Energy groups must stop all new oil and gas exploration projects from this year if global warming is to be kept in check, the International Energy Agency said.
The proposal is part of a scenario outlined in a report on ways to achieve net zero carbon dioxide emissions by 2050, a prerequisite to meet the Paris climate accord goal of limiting global warming to 1.5C above pre-industrial levels.
Aside from drastically cutting fossil fuel consumption, an unprecedented jump in spending on low carbon technologies would also be required — around $5tn in energy investments per year by 2030, up from around $2tn today, the report said.
“We need a historical surge in investment,” said Fatih Birol, head of Paris-based IEA on Tuesday, adding that this would add 0.4 per cent annually to GDP growth. “The bulk of it needs to be in clean energy.”
The IEA’s Net Zero report comes as the institution founded in 1974 as the oil watchdog for Western countries has faced pressure from climate activists to produce a road map to the target.
It details an overhaul of energy supply and demand whereby coal demand would plunge by 90 per cent, gas demand would halve and oil demand would shrink nearly 75 per cent by 2050.
Dave Jones, analyst at the climate think-tank Ember, said the report’s call to halt new oil and gas exploration was extremely surprising given the agency’s history.
“I don’t think anyone expected this from the IEA. It is a huge turnround on their part,” he said. “It has been very pro-fossil, so to come out with something like this is just amazing . . . This is truly a knife in the fossil fuel industry.”
The majority of the global economy is subject to some form of net zero emissions target, which means eliminating virtually all carbon dioxide emissions and compensating for the rest through carbon removal programmes.

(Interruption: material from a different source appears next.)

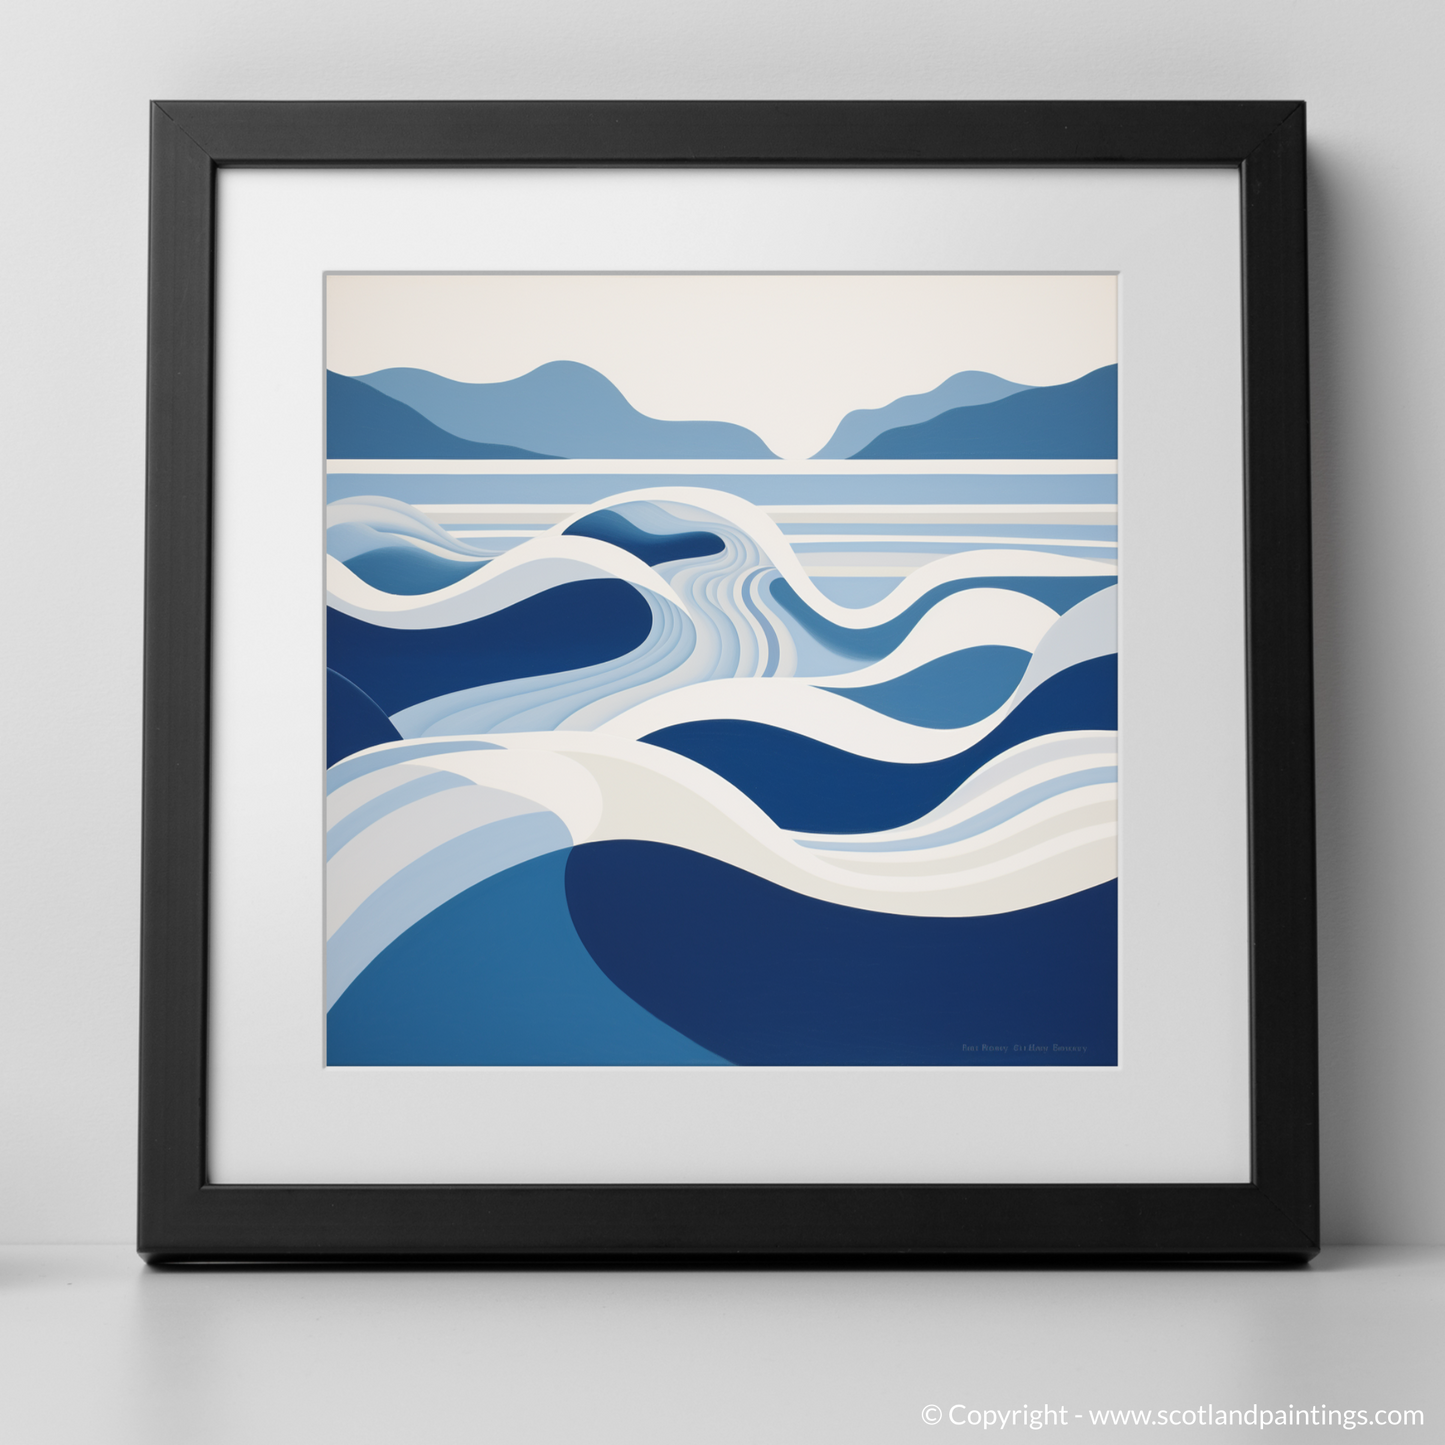 Serenade of the Scottish Seas: An Abstract Interpretation of Kiloran Bay

While the report is not a forecast or a recommendation, the IEA’s scenarios are considered definitive by many governments and often form the basis for energy policy.
As more governments, including the UK, EU and China, pledge to cut emissions to net zero, the IEA report spells out how challenging it will be to get there. “It is a pathway which is narrow,” said Birol. “But still achievable.”
Many big oil companies and producing countries, such as those within Opec, have long argued that investment in new fossil fuel projects had to continue to meet the needs of emerging economies in Asia and Africa.
However, the IEA’s modelled reduction in fossil fuel consumption is far more severe than most producers have prepared for. The share of fossil fuels in the global energy supply would need to fall from around four-fifths currently to one-fifth by 2050. Solar would become the single biggest energy source — or 20 per cent of global energy demand.
“Those countries whose economies are relying on oil and gas revenues will face huge challenges,” said Birol. “We came up with over 400 milestones, and one of them is — there is no need for new oil, gas and coal development, which includes no need for oil and gas exploration investments.”
Royal Dutch Shell’s chief executive Ben van Beurden, speaking at the company’s annual shareholder meeting on Tuesday, said there should be a focus on consumption and not production to reduce emissions.
Though Shell has already ruled out exploring and drilling for oil in new areas after 2025, van Beurden said that “another company can come in and develop these resources.” He added that the company would continue to drill in established areas, such as the Gulf of Mexico, to meet demand.
The IEA acknowledged that “continued investment in existing sources of oil production are needed”. And, even while oil demand declines, the share of oil production controlled by Opec will increase, from around 37 per cent to around 52 per cent in 2050, according to the report.
It envisions carbon-free electricity globally by 2040, along with a surge in research funding over the next decade for new technologies such as batteries and hydrogen electrolysers.
Joeri Rogelj, lecturer in climate change at Imperial College, called the IEA’s net zero scenario hugely significant.
Improvements in energy efficiency mean that global energy demand in 2050 will be around 8 per cent smaller than it is today, even though the world economy will be twice as big. Electricity use will grow, accounting for around half of total energy consumption by 2050.
“The IEA is used as a de facto benchmark for a lot of the planning, both by governments and industry,” said Rogelj, who had called on the IEA to develop a net zero scenario.
Previous IEA scenarios had been heavily criticised for failing to include enough renewables, and underestimating the rate at which solar and wind power world grow.
“If you look back over the past decade, the IEA scenarios have always been lagging a bit,” said Rogelj. “The IEA is simply a slow, grey, rusty, dusty machine, and it just takes a while . . . but I am really happy to see the IEA has now arrived at a net zero pathway.”